Question

If tangents $PA$ and $PB$ from a point to a circle with centre $O$ are inclined to each other at an angle of ${80}^o$, then $\angle POA$ is equal to

• A. ${50}^o$
• B. ${60}^o$
• C. ${70}^o$
• D. ${80}^o$

Answer 1

Answer: (A)

${50}^o$

Given-

O is the center of a circle to which two tangents $PA\&PB$ have been drawn at $A\&B$ respectively.

$\angle APB={80}^o$.

To find out-$\angle POA$

Solution-

We join $OA\&OB\&OP$.

So, OA & OB are radii through the points of contact of the tangents PA & PB to the given circle respectively.
$\therefore OA\perp PA$ & $OB\perp PB$ since the radius through the point of contact of a tangent to a circle is perpendicular to the tangent.
$\therefore \angle OAP={90}^o=\angle OBP$.

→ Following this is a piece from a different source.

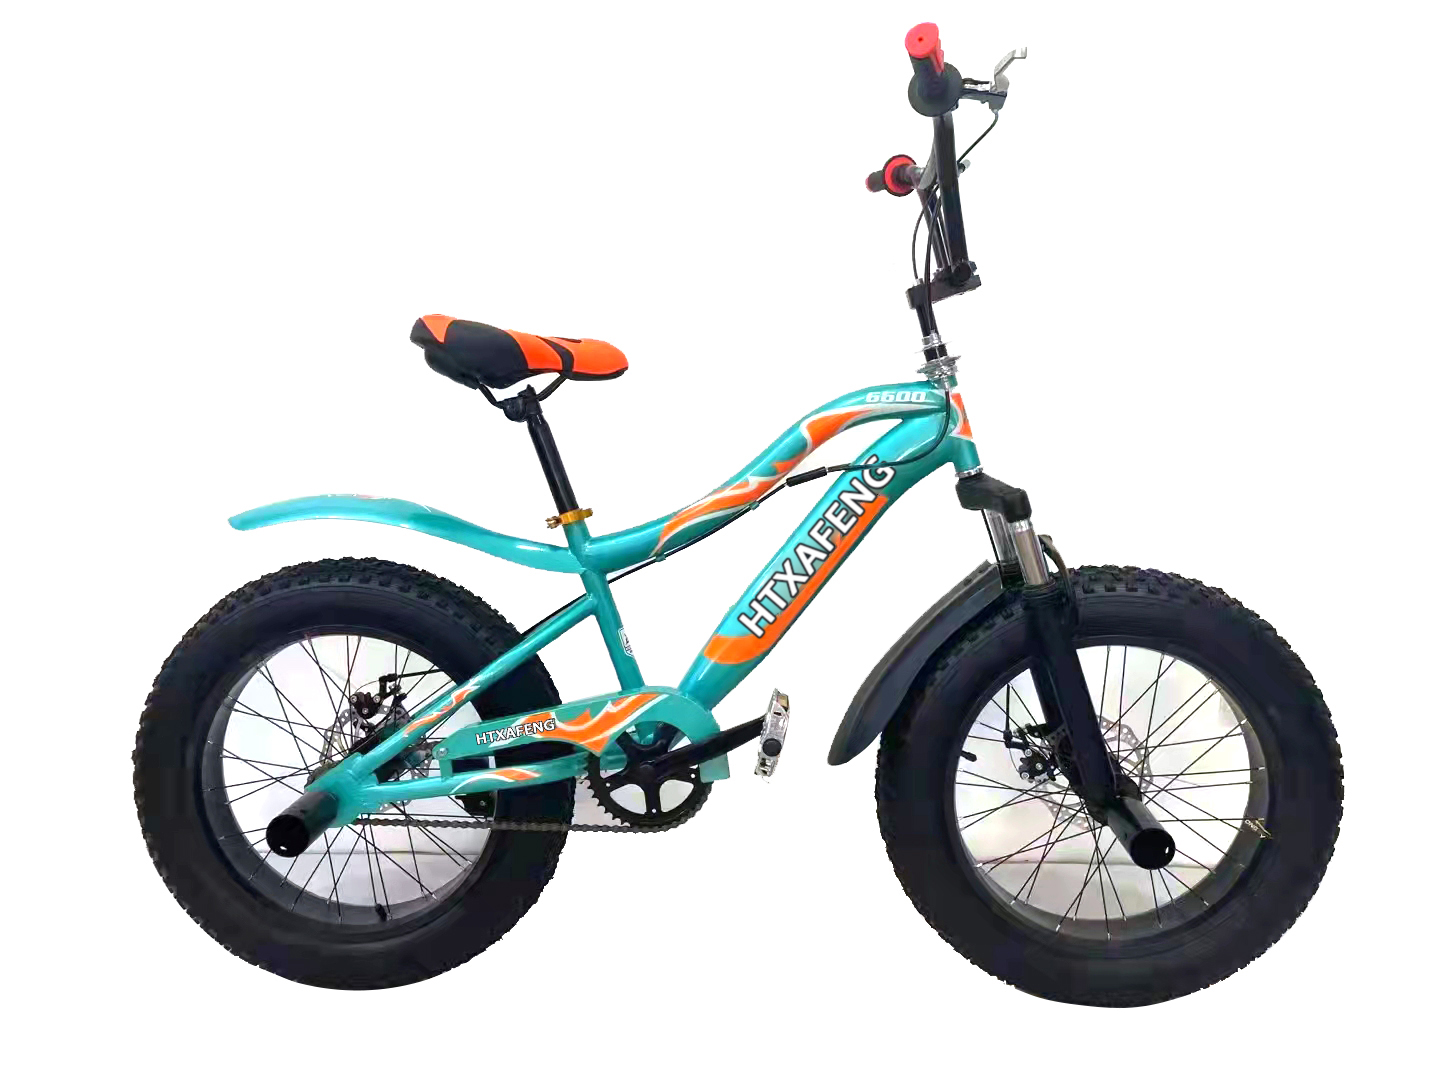 2022 new Hot sale bicycle factory direct mountain bike kids mountain bike with kickstand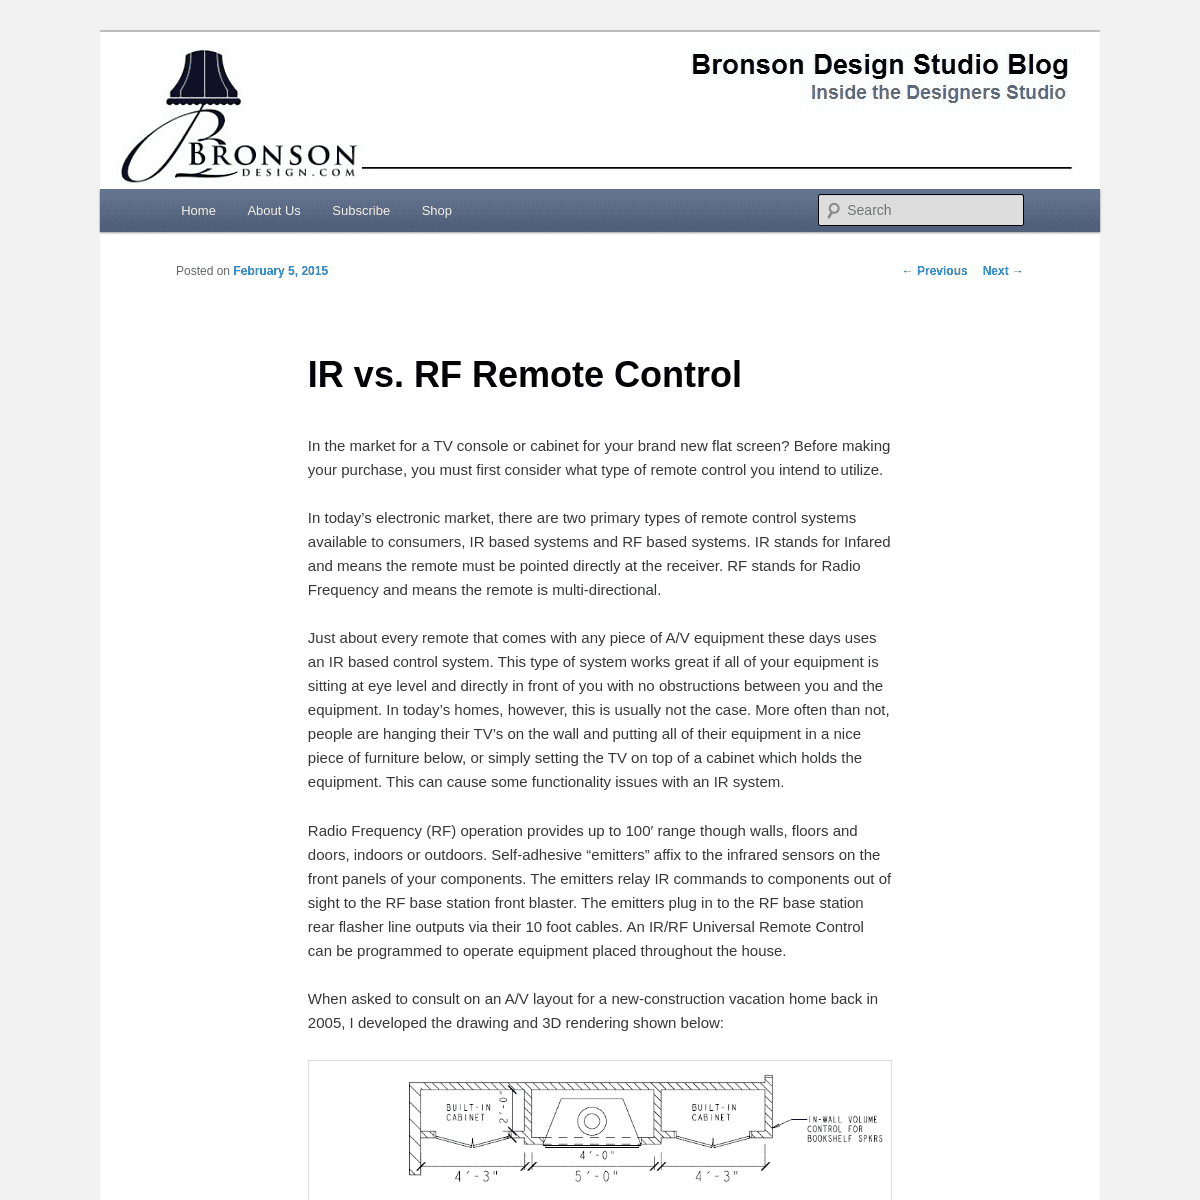 A complete backup of https://www.bronsondesign.com/blog/ir-vs-rf-remote-control/

Now, in quadrilateral PAOB we have $\angle AOB={360}^o-\angle OAP-\angle OBP-\angle APB$

$={360}^o-{90}^o-{90}^o-{80}^o={100}^o.$

Now, between $\Delta OPA$ & $\Delta OPB$ we have

$OA=OB$ ...(radii of the same circle),

$PA=PB$ ...(Tangents to the same circle from a single point are equal) and OP is common side.
$\Delta OPA\cong \Delta OPB$ ....by $SSS$ test,

$⟹\angle POA=\angle POB=\frac{1}{2}\angle AOB=\frac{1}{2}\times {100}^o={50}^o$